COLLECTED DATA
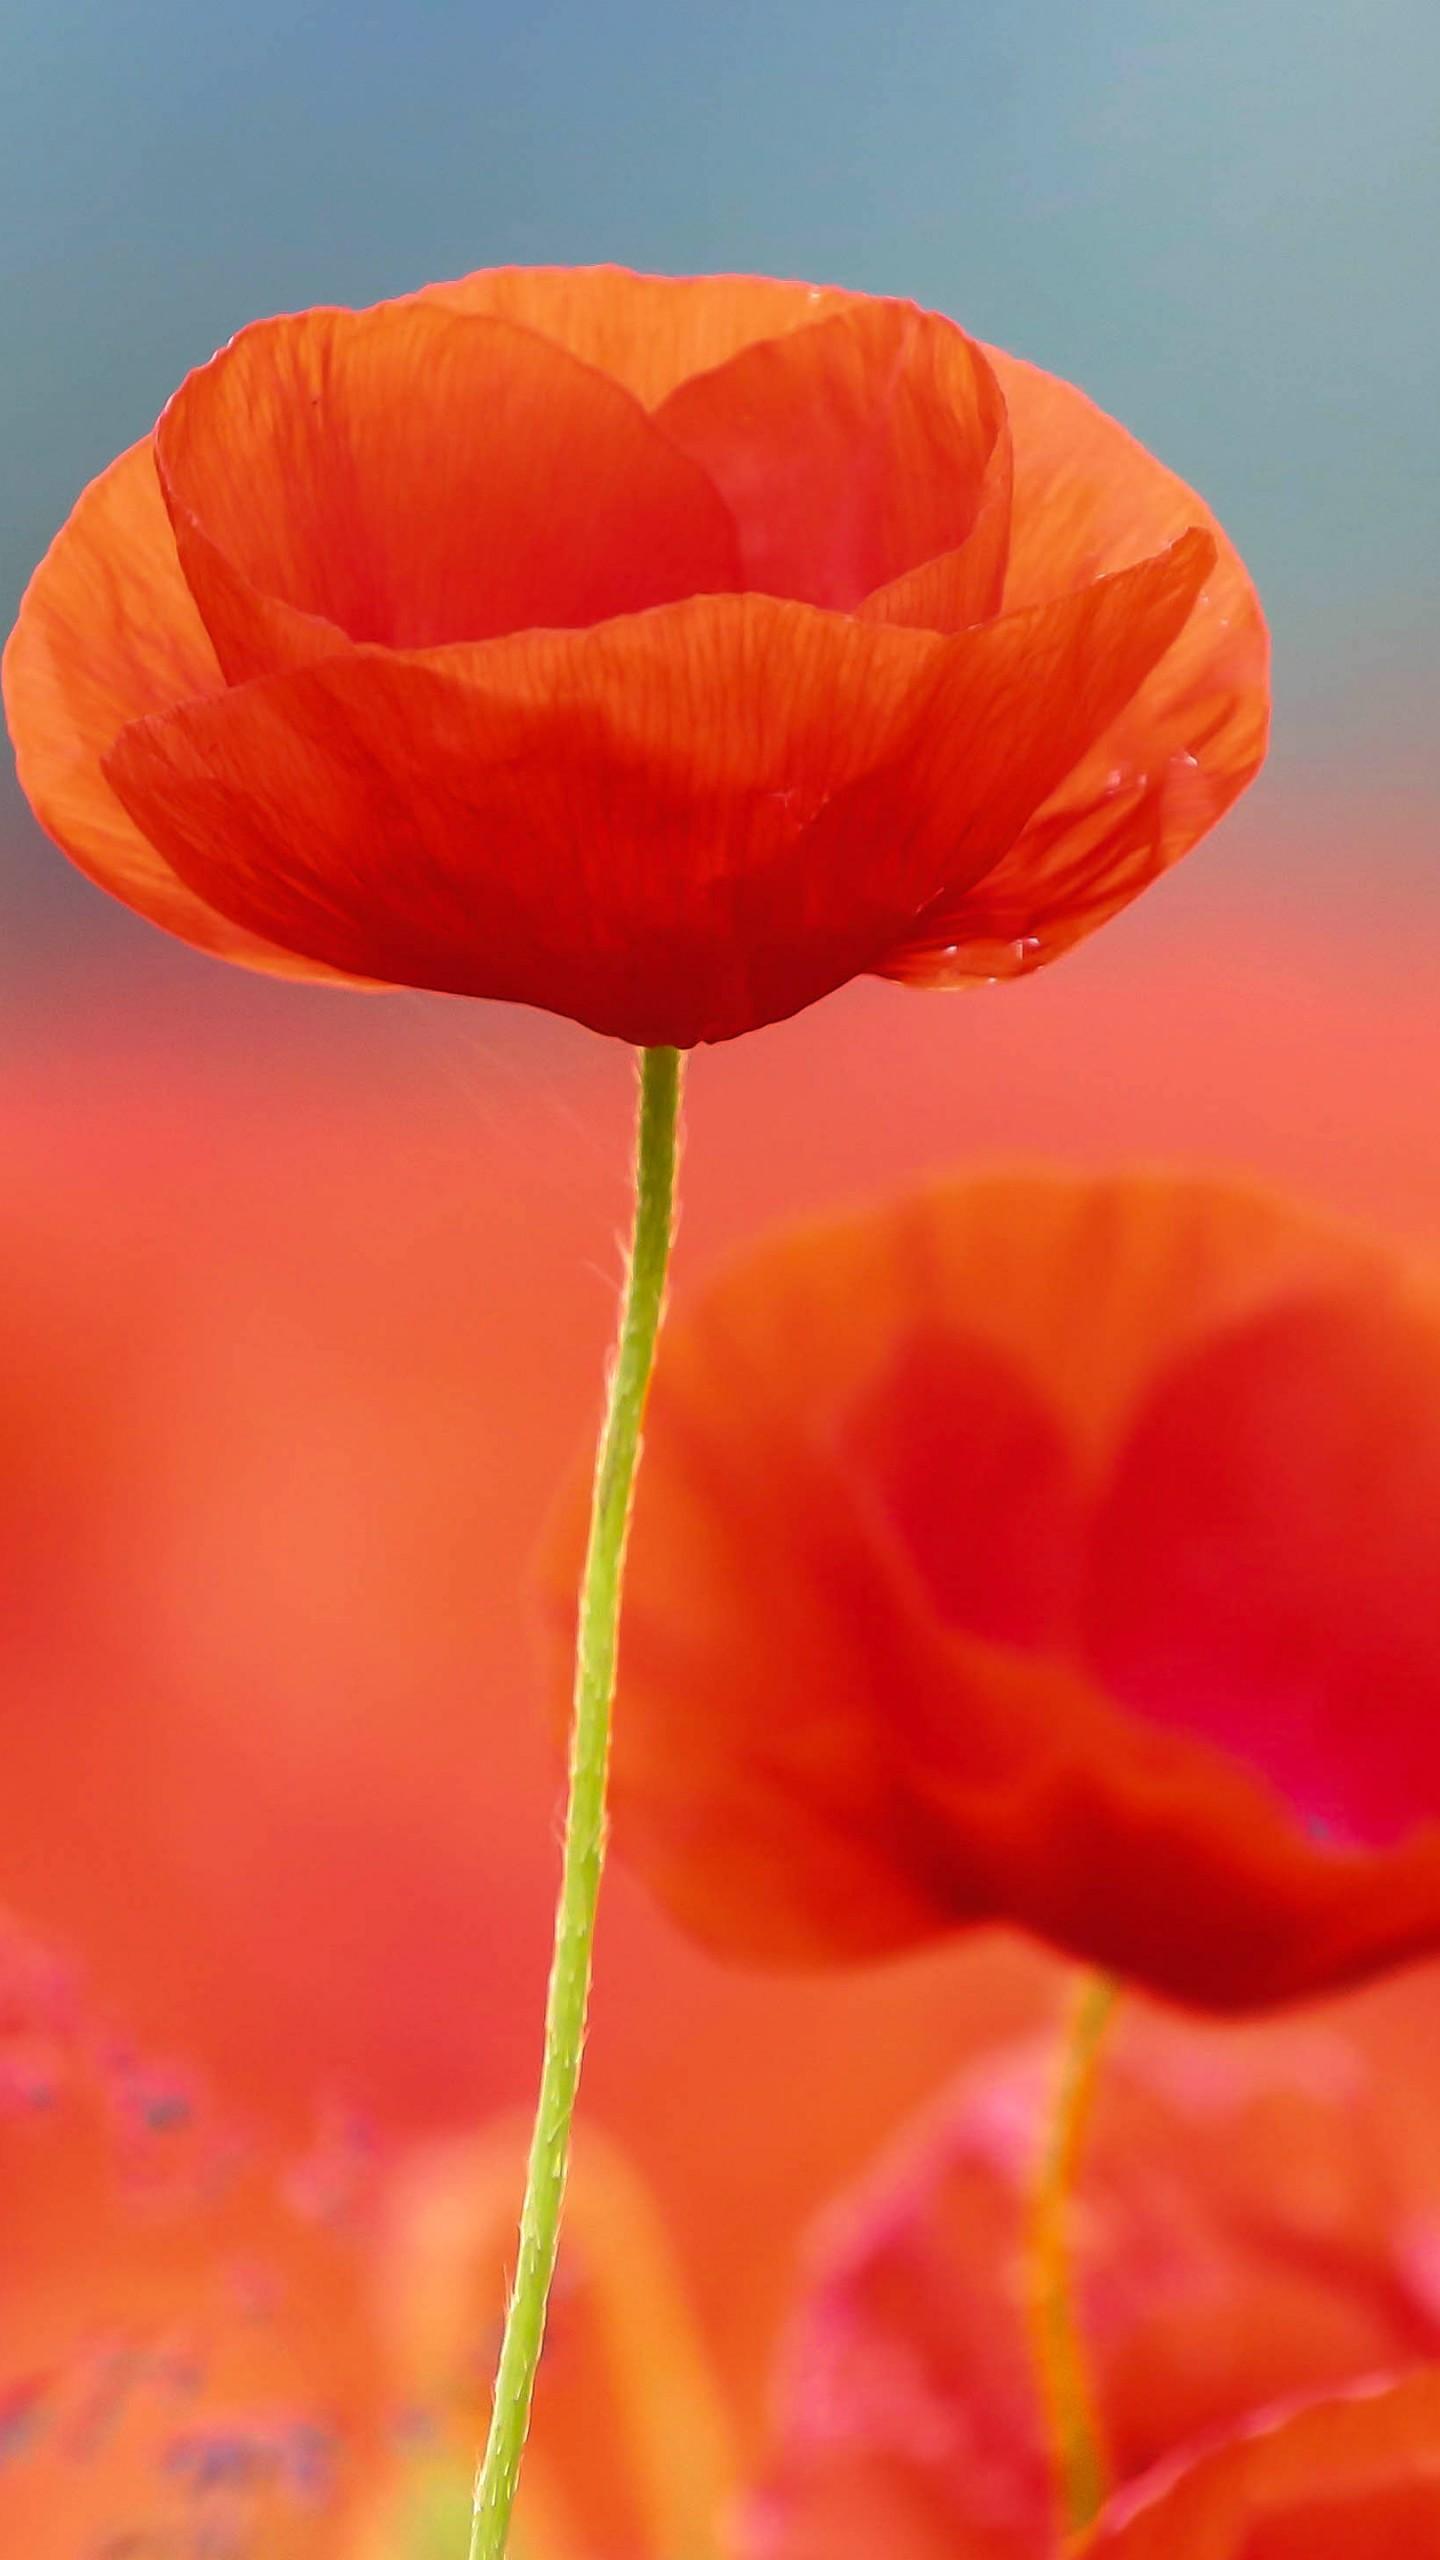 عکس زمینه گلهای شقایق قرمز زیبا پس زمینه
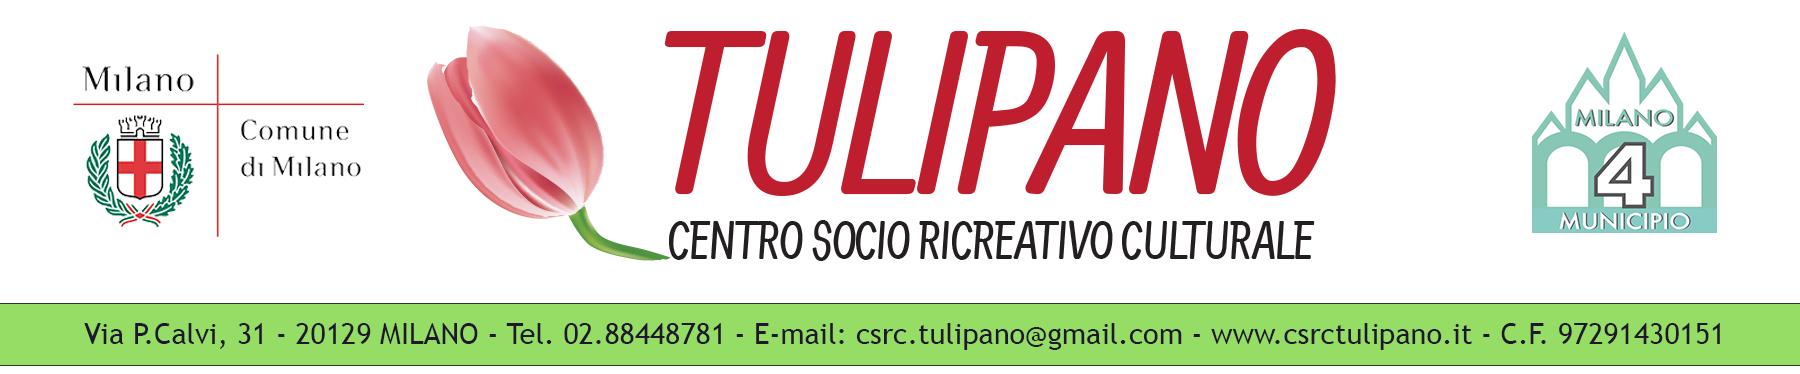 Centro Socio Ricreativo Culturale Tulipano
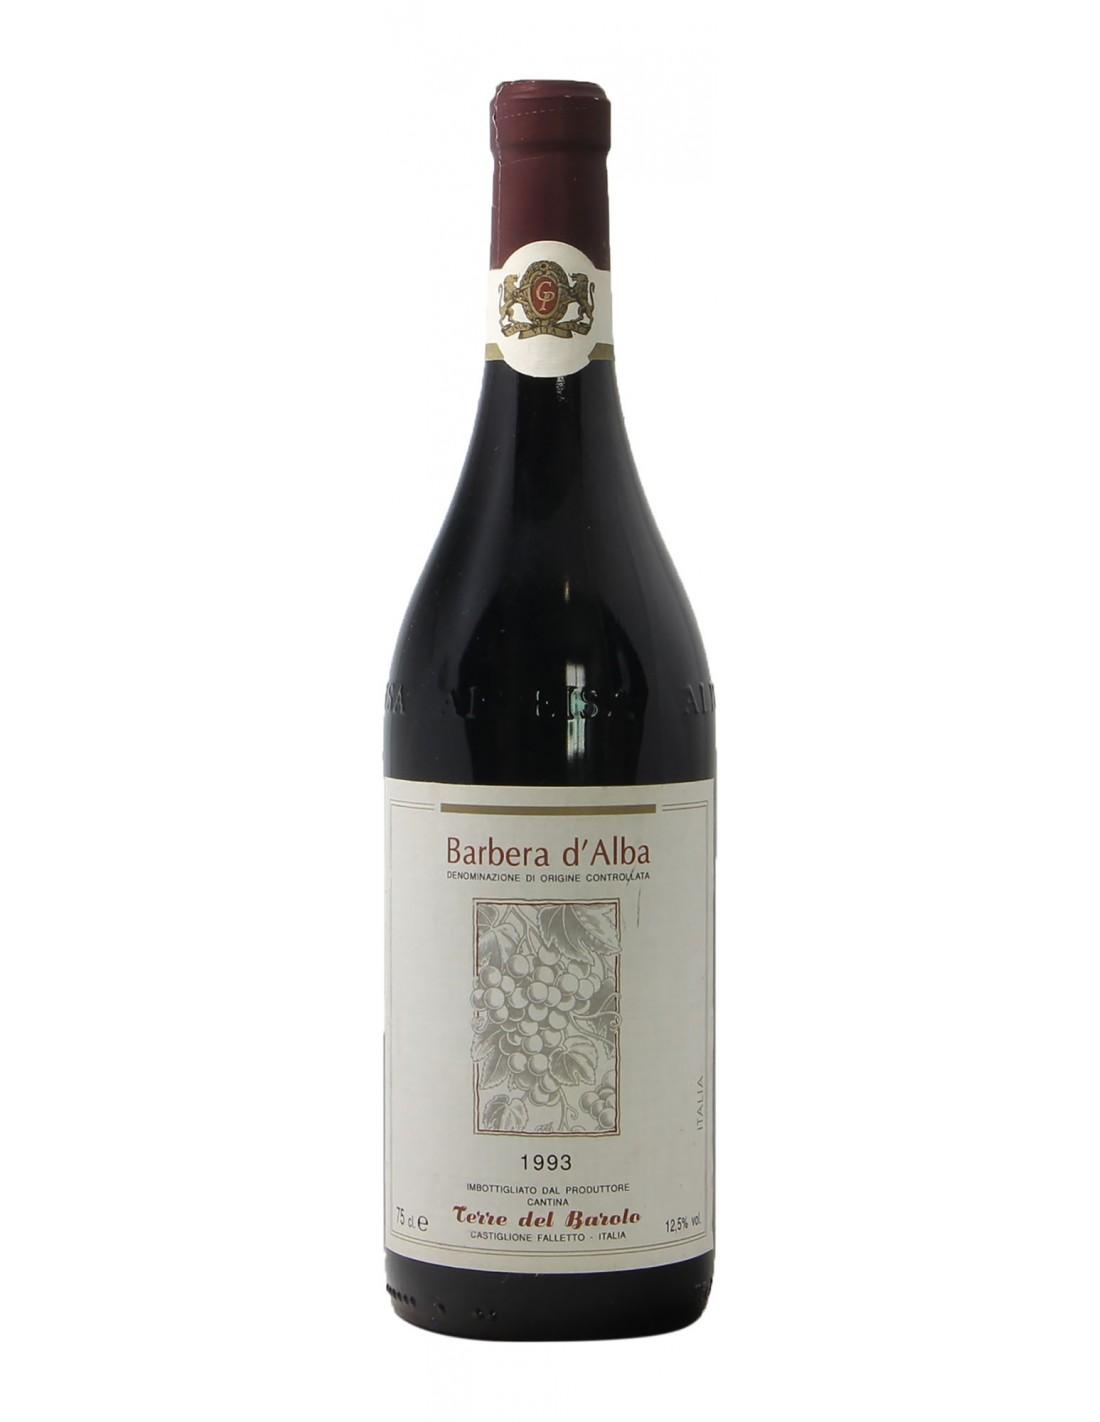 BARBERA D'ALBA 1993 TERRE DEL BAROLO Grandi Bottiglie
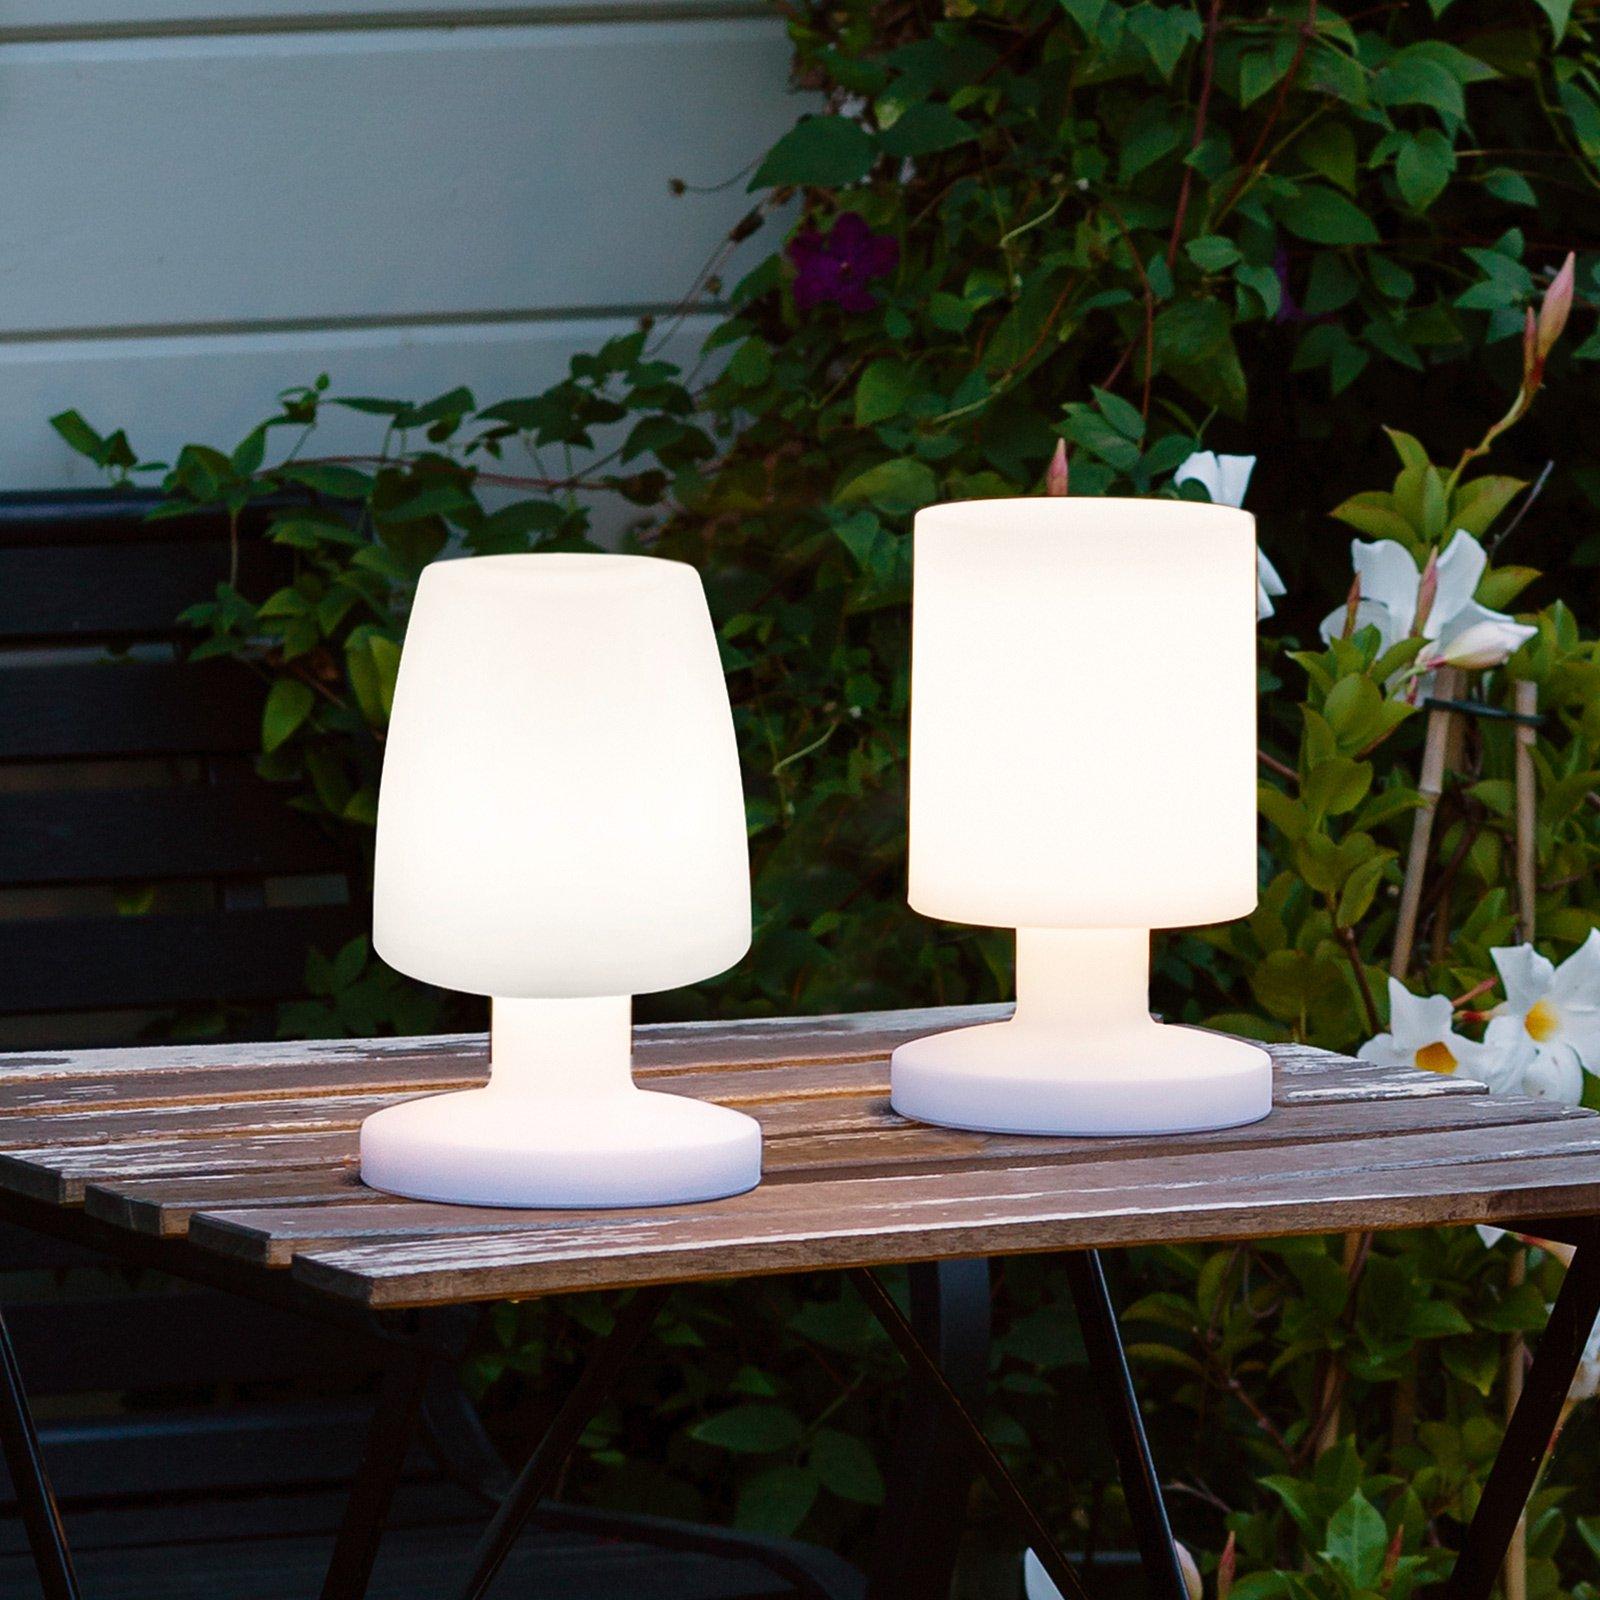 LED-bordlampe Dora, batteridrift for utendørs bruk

TASK DETAILS
An unchanged copy of the listing, with no pictures, should be returned.

FINISHED EXERCISE
 عکس زمینه گلهای شقایق قرمز زیبا پس زمینه
 Centro Socio Ricreativo Culturale Tulipano
 BARBERA D'ALBA 1993 TERRE DEL BAROLO Grandi Bottiglie
 LED-bordlampe Dora, batteridrift for utendørs bruk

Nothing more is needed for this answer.